TASK STATEMENT> Restate the data below word for word, omitting pictures.

INFORMATION PROVIDED>
------------------------------
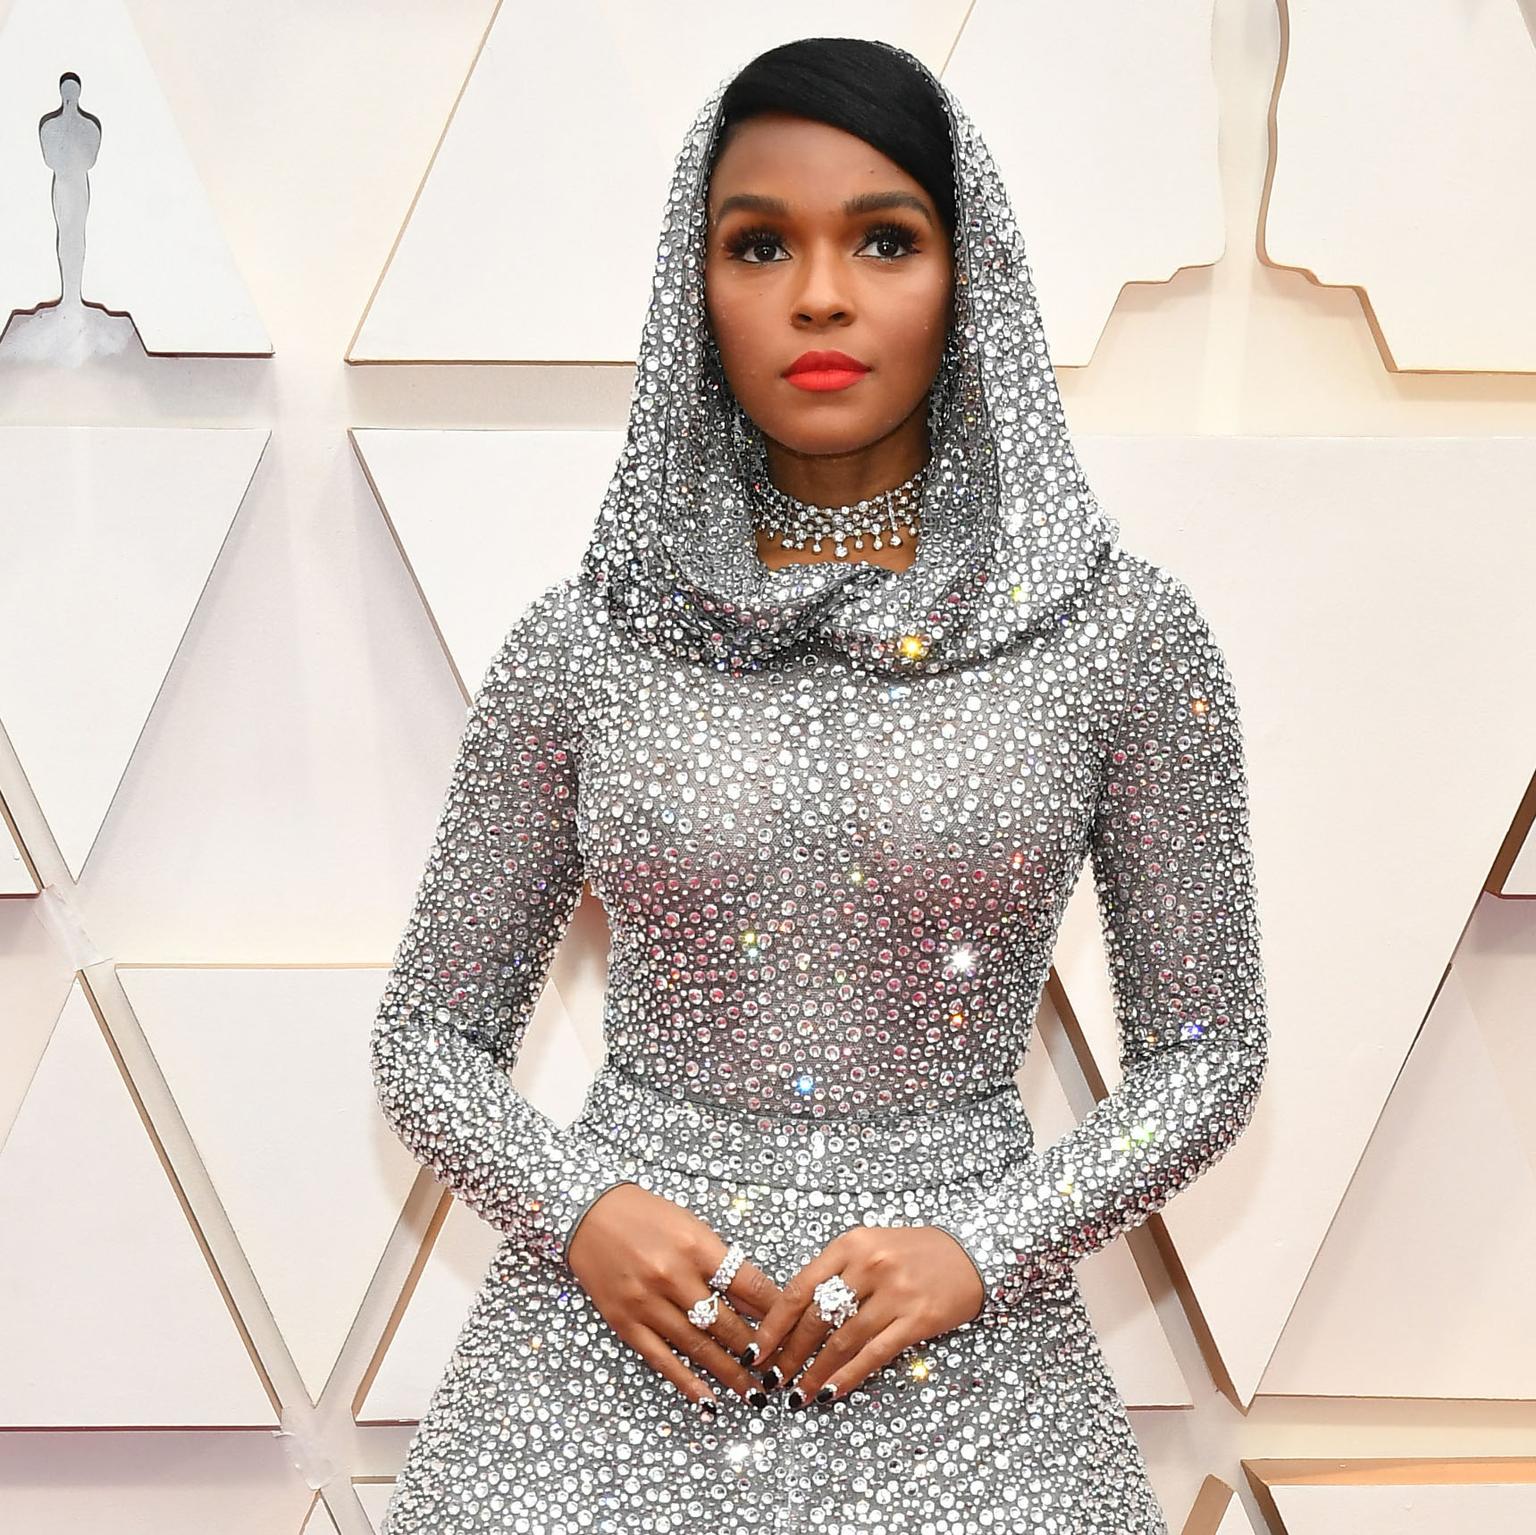 Janelle Monae in Forevermark at the 2020 Academy Awards
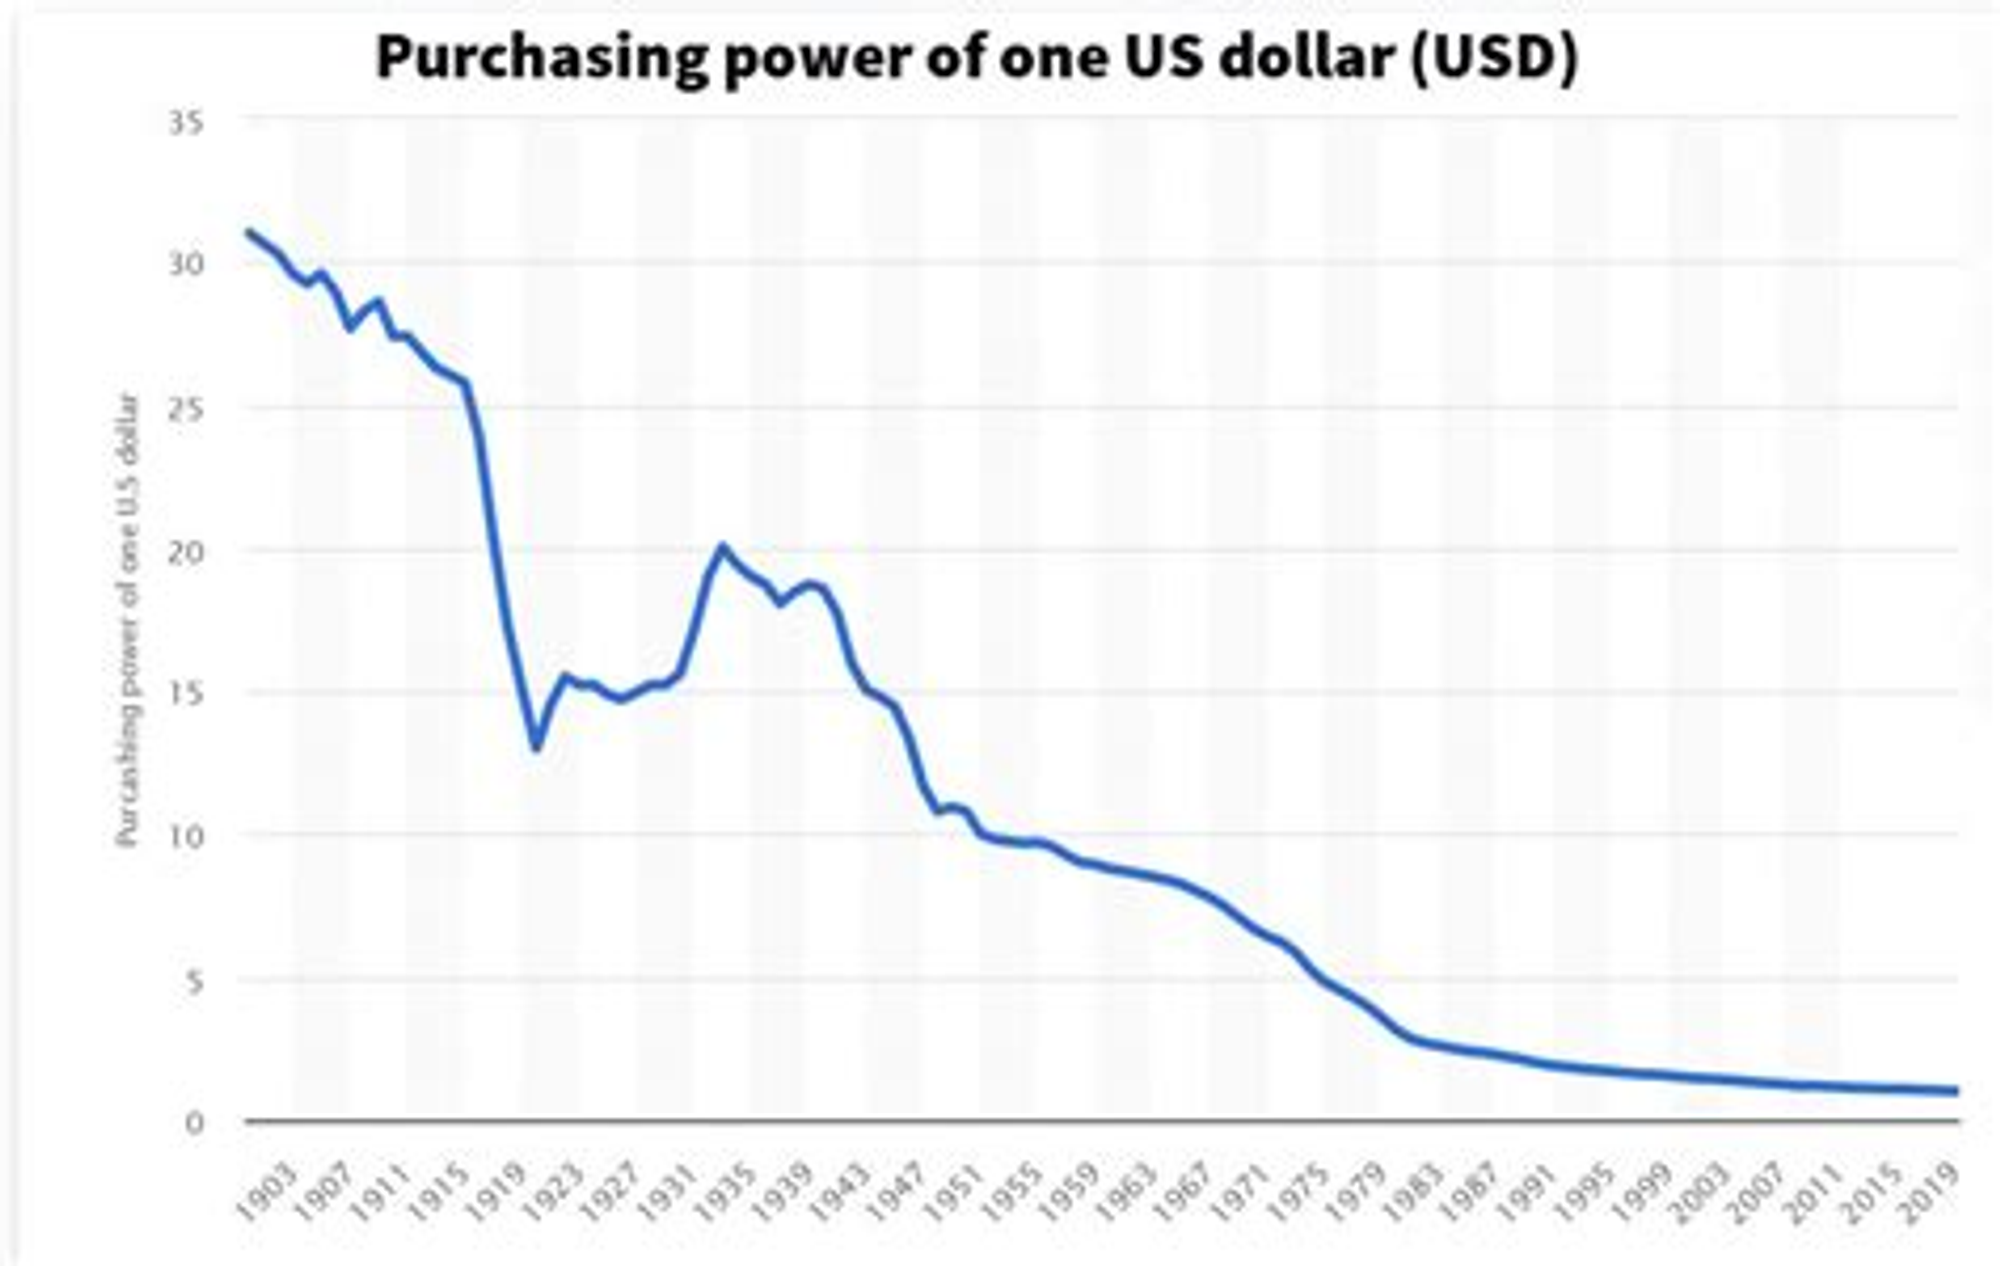 A Dollar ain't worth what it used to be! Note the US left the gold standard in the early 1970's which accelerated the decline.
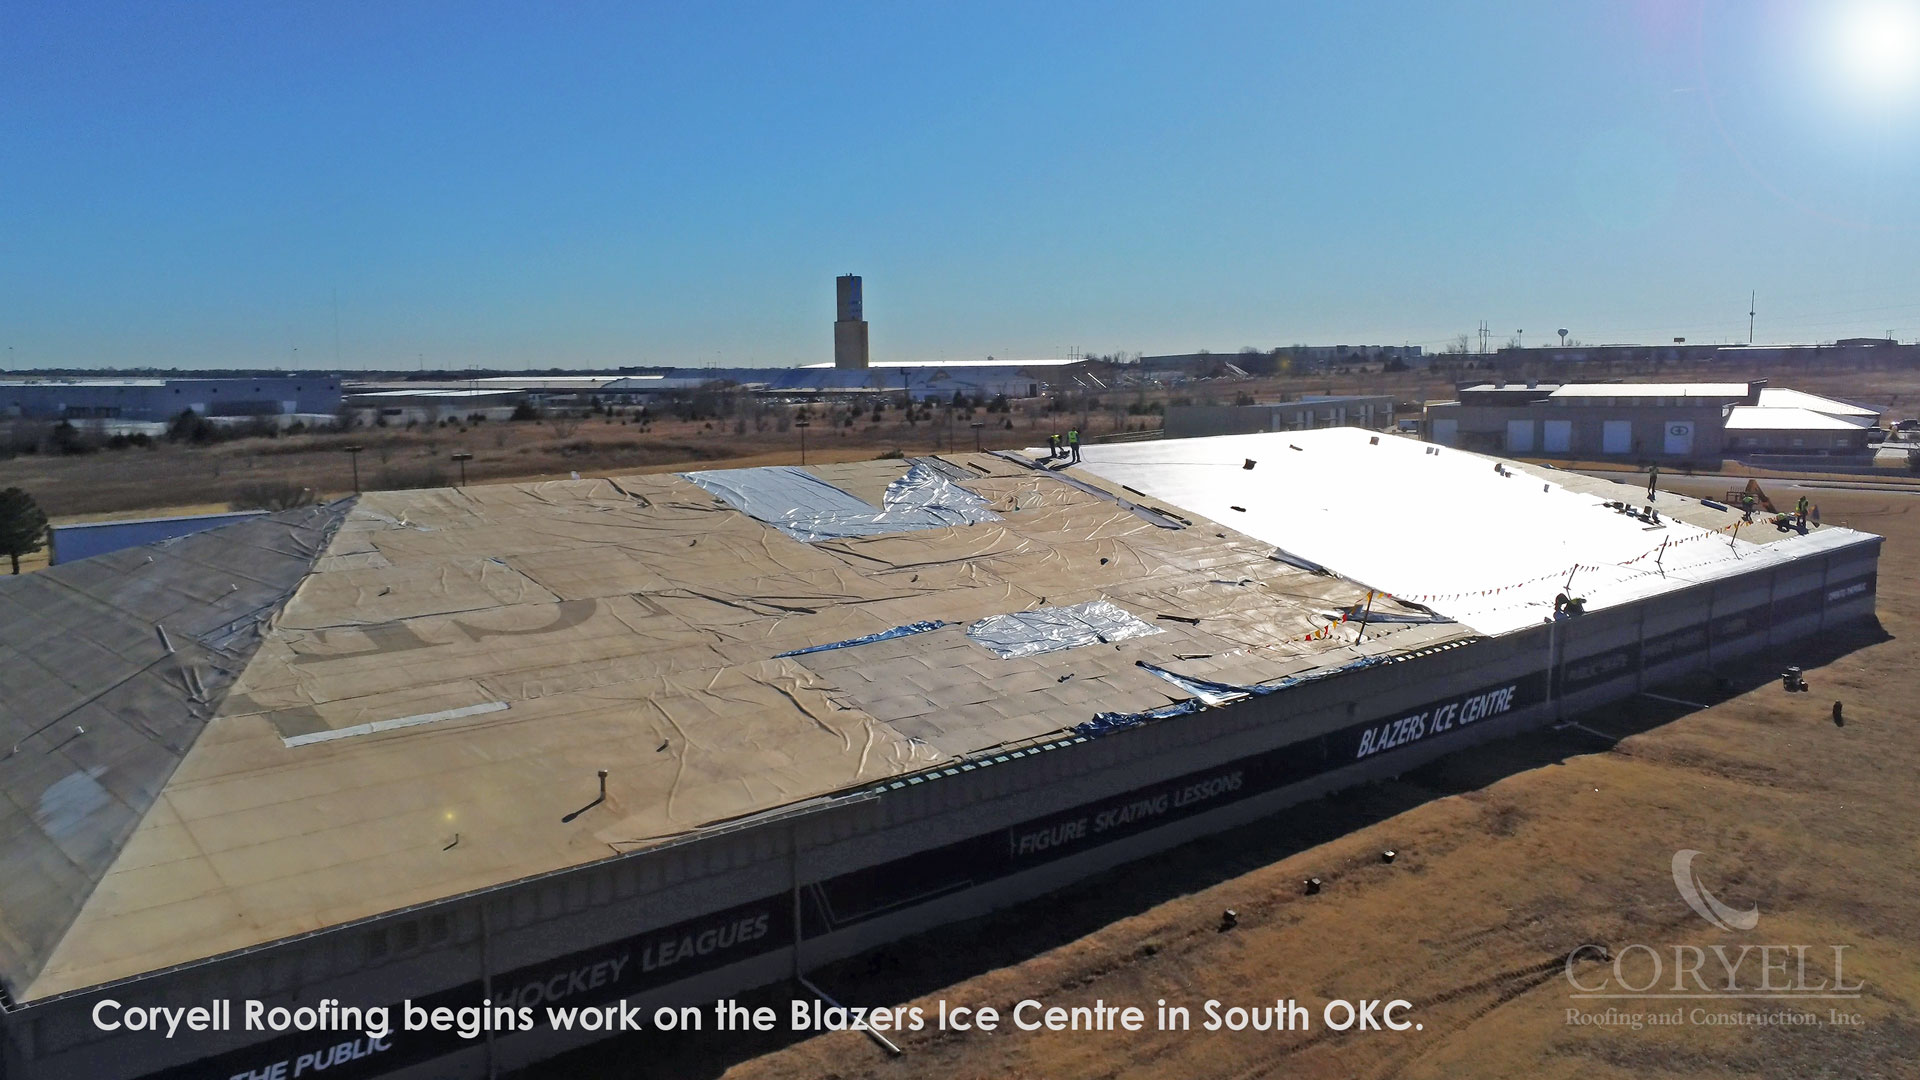 Coryell Roofing begins work on the Blazers Ice Centre in South OKC.
------------------------------
TASK SOLUTION>
 Janelle Monae in Forevermark at the 2020 Academy Awards
 A Dollar ain't worth what it used to be! Note the US left the gold standard in the early 1970's which accelerated the decline.
 Coryell Roofing begins work on the Blazers Ice Centre in South OKC.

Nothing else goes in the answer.